Myers described the review as a "policy document" outlining U.S. deterrence strategy, which includes the option of using nuclear weapons.
"We certainly hope to deter other actors in the world from taking steps with weapons of mass destruction that could have devastating effects on our population and the population of our friends and allies," he said.
National Security Adviser Condoleezza Rice said the review does not reflect a change in U.S. policy regarding the use of nuclear weapons.
"This report spends as much time, or more time, talking about making the use of nuclear weapons less likely by having better intelligence, by having advanced conventional weapons as a possible response, by having missile defense as a way to deal with the growing threat of weapons of mass destruction," she said on NBC's "Meet the Press."
The review is simply "prudent military planning," Secretary of State Colin Powell said on CBS's "Face the Nation."
"I think there's less than meets the eye and less than meets the headline with respect to the story," Powell said.
"Right now, today, not a single nation on the face of the Earth is being targeted by an American nuclear weapon on a day-to-day basis."
Congress mandates a review of nuclear posture every six years.

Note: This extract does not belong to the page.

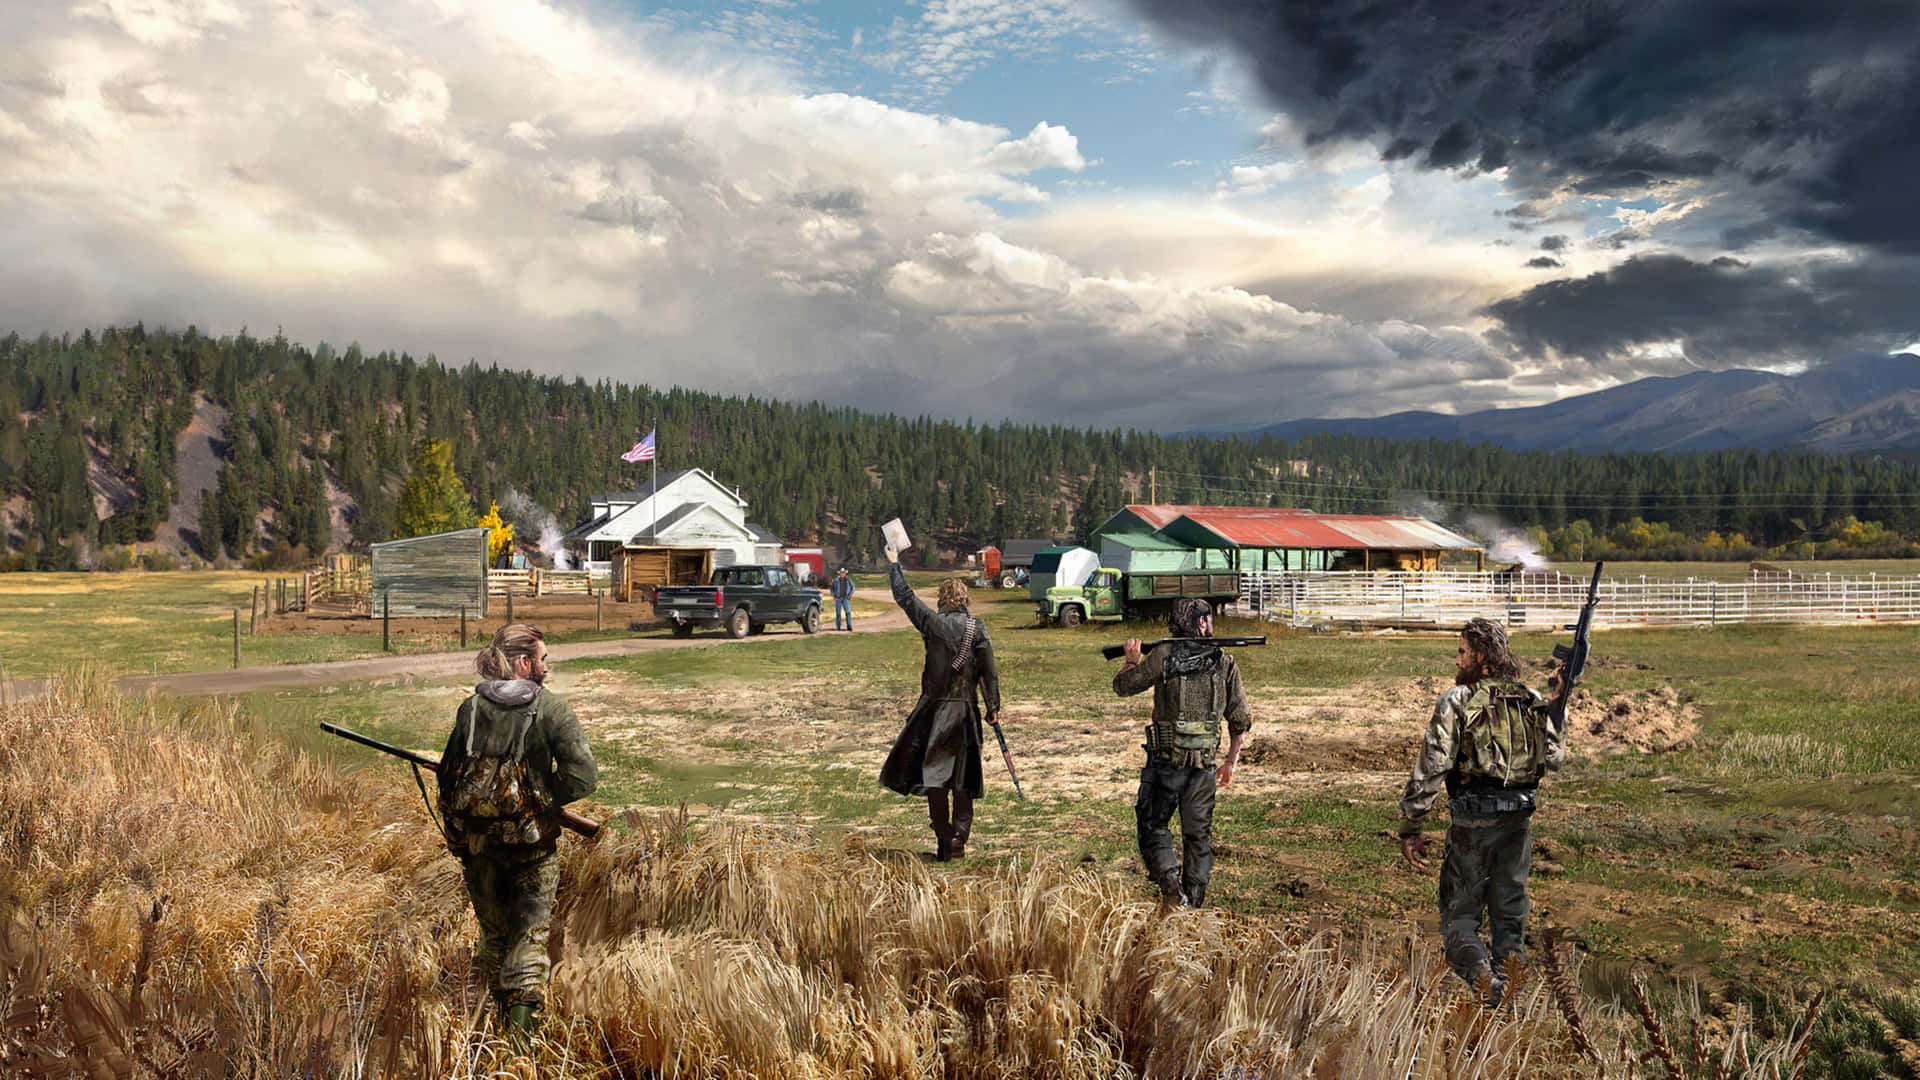 Experience The Stunning Visuals Of Far Cry 5 In 4k Ultra Hd.
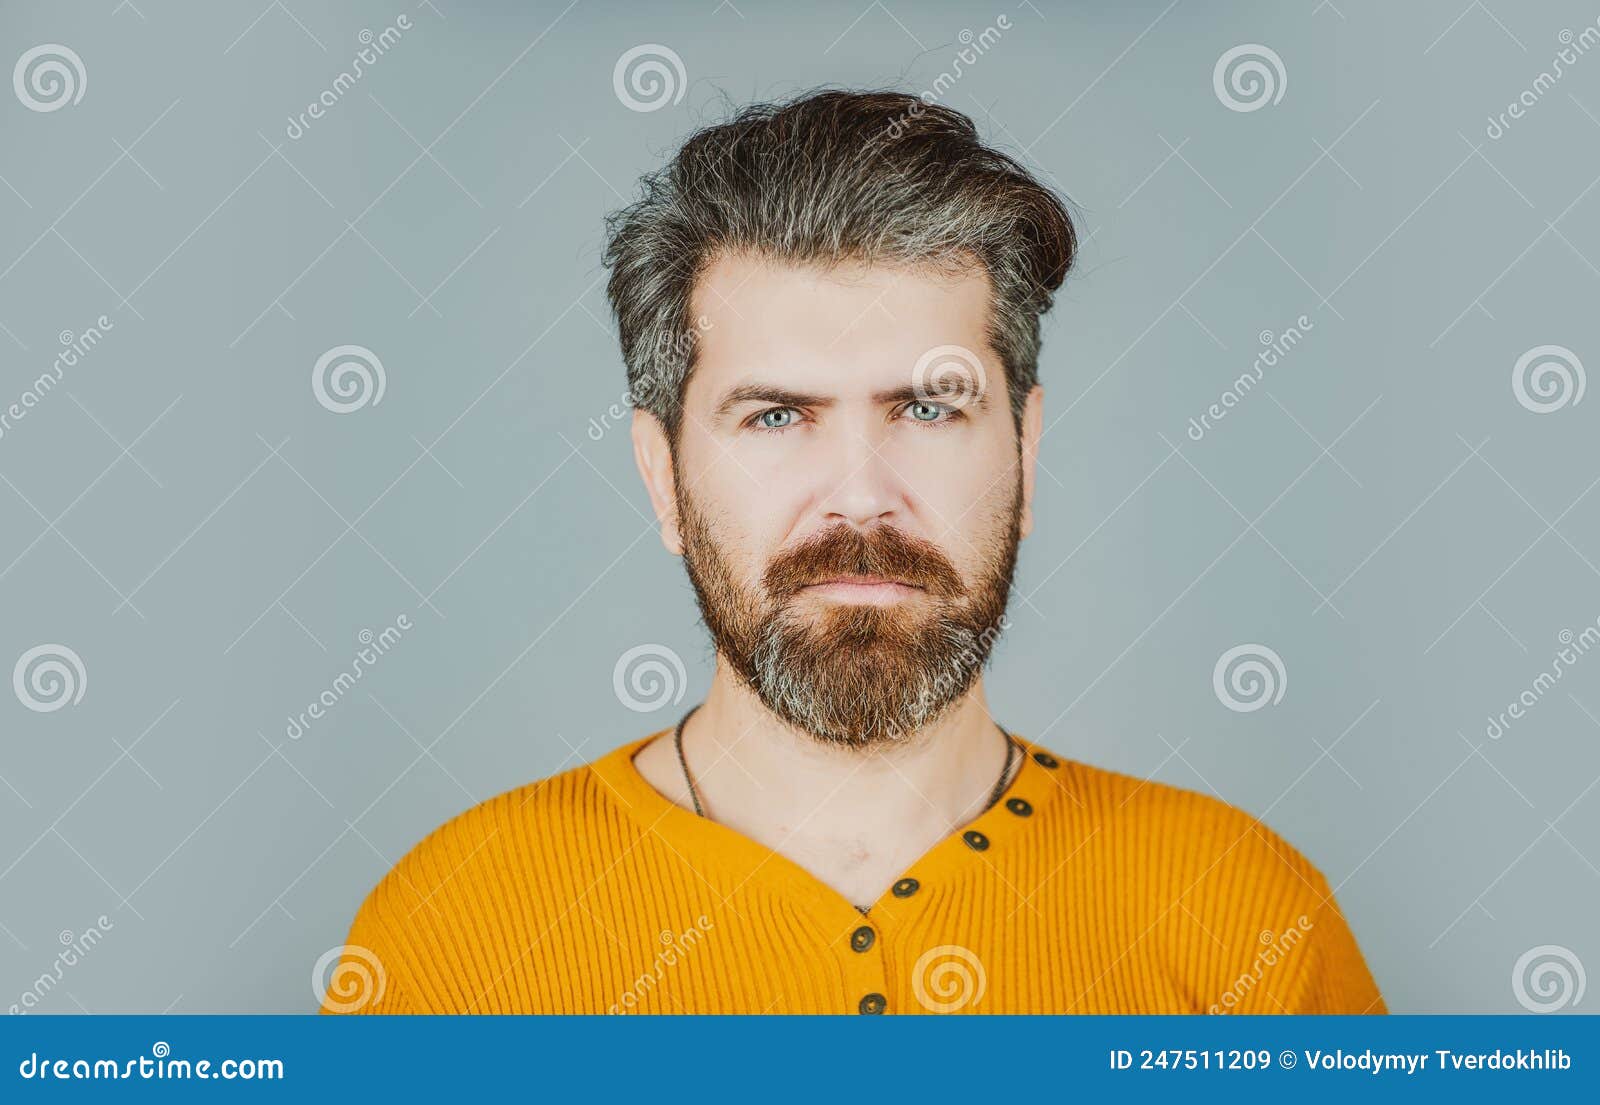 Serious Man Face. Bearded Guy. Human Expression Emotion Concept ...

Nuclear targeting discussions have long been a part of U.S. military strategy, but analysts told CNN that, if accurate, the list of countries was first official one that has come to light.
The Pentagon said Saturday the review "does not provide operational guidance" on possible nuclear targets. The review "is the latest in a long series of reviews since the development of nuclear weapons," the Pentagon said.
Rice and Powell also said the new review takes into account recent changes on the world scene, including an improved U.S. relationship with Russia and the possible development of weapons of mass destruction by what Powell described as a "class of nations" that includes Iran, Iraq, Syria and North Korea.
Powell also disputed another aspect of the newspapers' report -- that the United States is planning to build smaller nuclear weapons for use in certain battlefield situations.
The secretary said that as the U.S. military reduces the number of its nuclear weapons, the Pentagon is being asked to evaluate whether "we might want to modify or update or change some of the weapons in our inventory to make them more effective."
But no "brand new" weapons are being developed and no nuclear testing is planned, he said.
"I want to make sure we don't get the international community upset by what is essentially sound conceptual planning on the part of the administration," he said.